Shaped by the Double: Investigating Double-Layered Ejecta at Ries and Lonar Craters

Double-layered ejecta (DLE) craters feature distinct ejecta layers, striated surfaces, moat and rampart structures, widely seen as evidence for an ejecta emplacement with fluidized components derived from subsurface volatiles such as water or ice on Earth, Mars, and potentially other bodies like Ceres or Ganymede.

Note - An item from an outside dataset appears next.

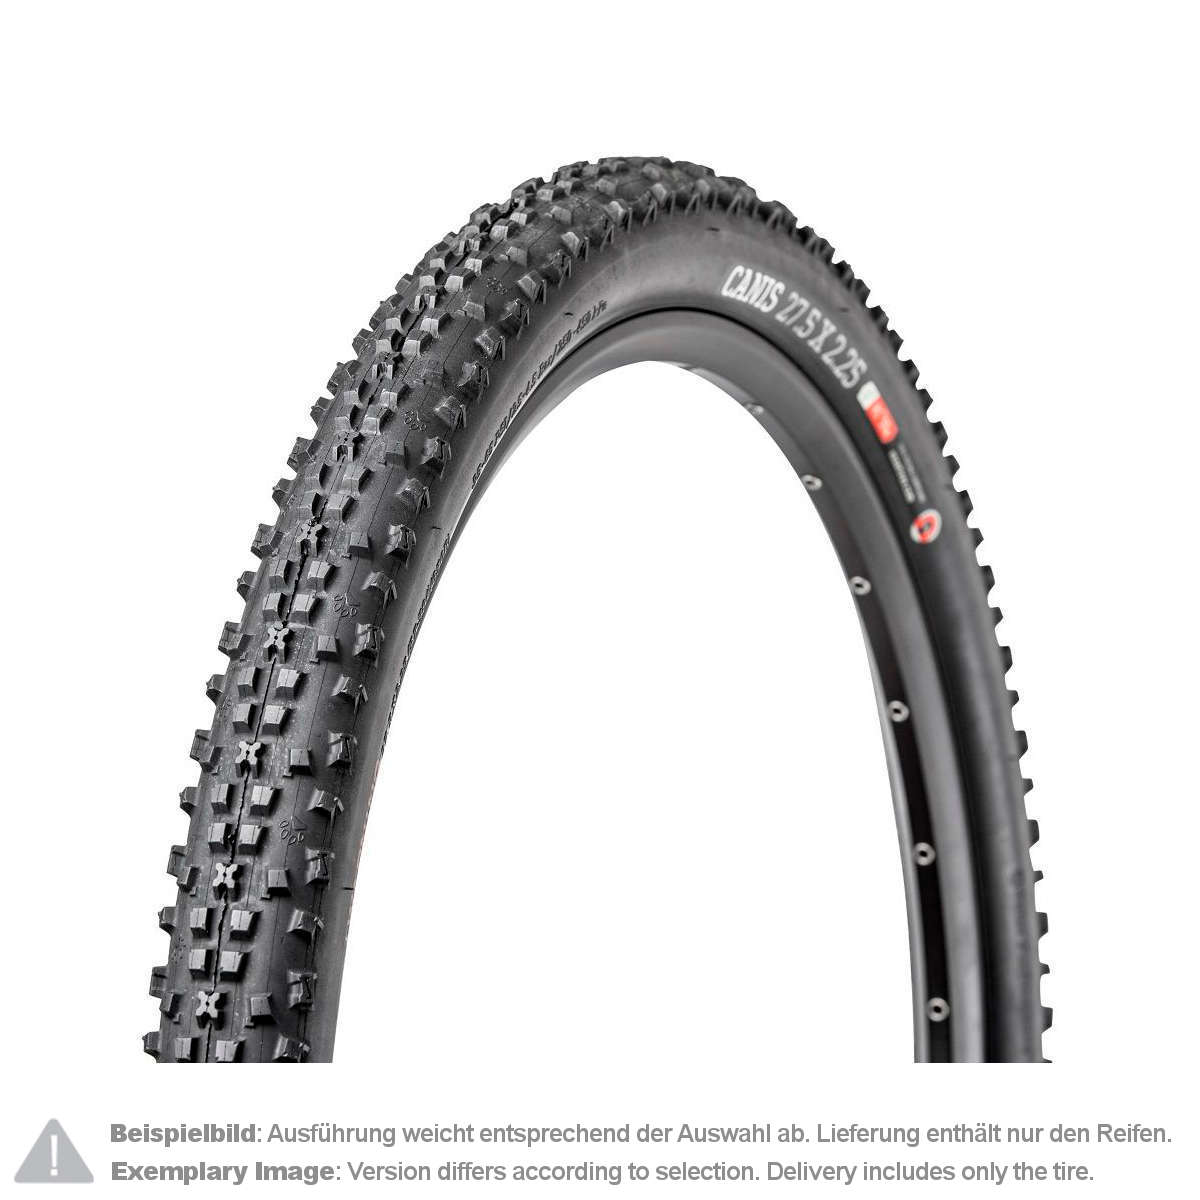 Onza MTB Tire Canis Black, 29 x 2.25 Inch, Tubeless Ready, 60 TPI, FRC, 65a/55a, Foldable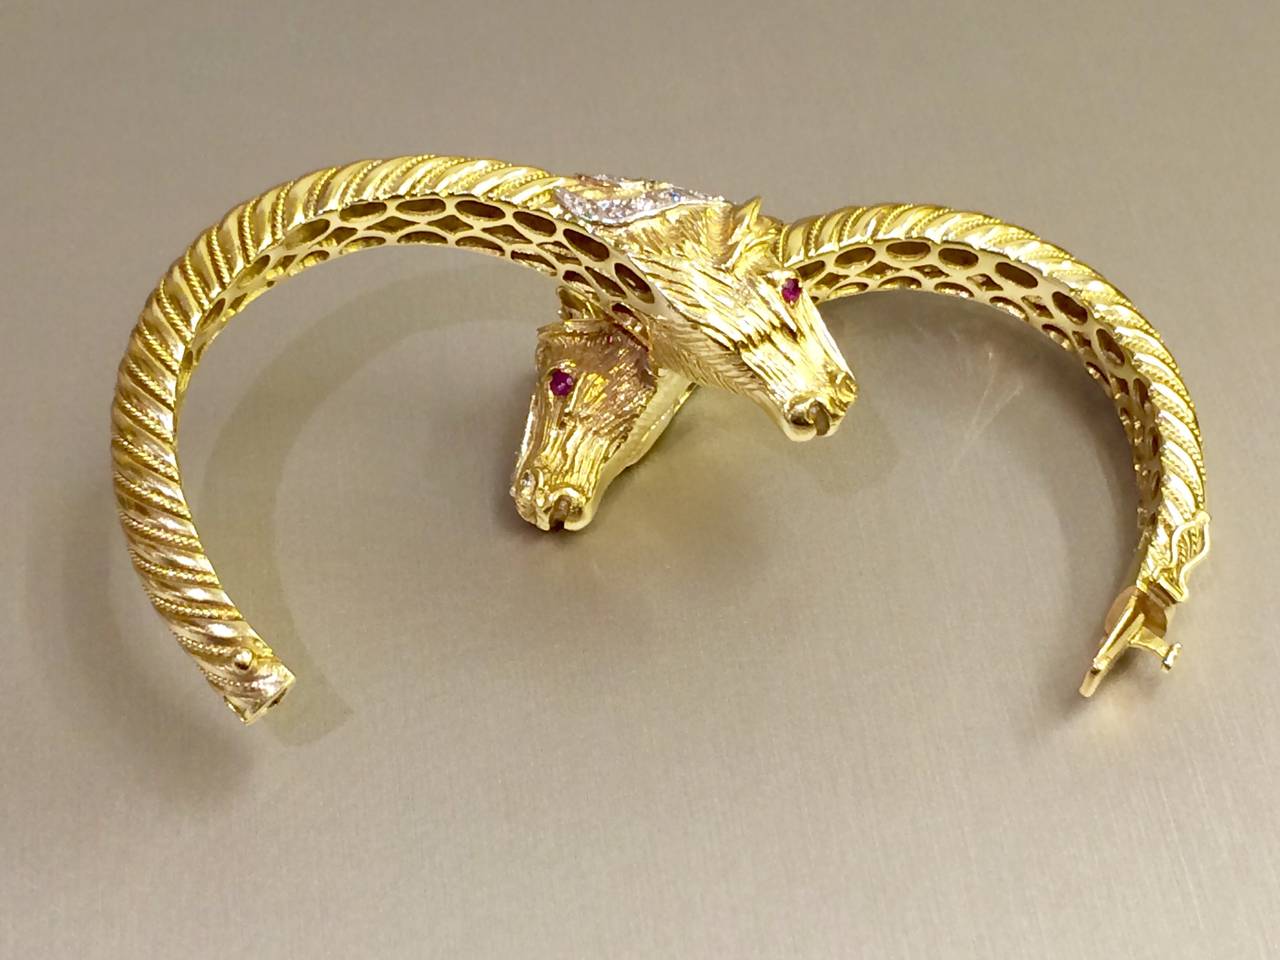 Open bangle in 18k yellow gold featuring two horse heads set with natural rubies and diamonds. Pre-Owned.

The boundary conditions driving DLE crater formation remain poorly constrained, especially across varying planetary environments. This study examines DLE processes through comparative field analysis of two terrestrial analogs: the 1.2 km-diameter basaltic Lonar crater (India), smaller than typical Martian DLE craters, and the 24 km Ries crater (Germany), which closely matches Martian DLE dimensions and preserves a well-defined ejecta blanket. Both craters provide well-preserved, accessible sites ideal for studying impact dynamics and potential double-impact systems. Ries, paired with the nearby Steinheim crater in a confirmed double impact, is compared to Lonar and the adjacent “Little Lonar” structure, which may represent a secondary impact. Field investigations included drone-based photogrammetry for high-resolution topography, 100 MHz bi-static ground-penetrating radar for subsurface mapping, as well as petrography, rock magnetics, micro-fracture analysis, and identification of shock features such as shatter cones.

Lonar and Ries craters provide rare insight and access on Earth into the mechanisms behind DLE formation. Their study helps refine our understanding of how impact crater formation interacts with the crust in potentially volatile-bearing planets.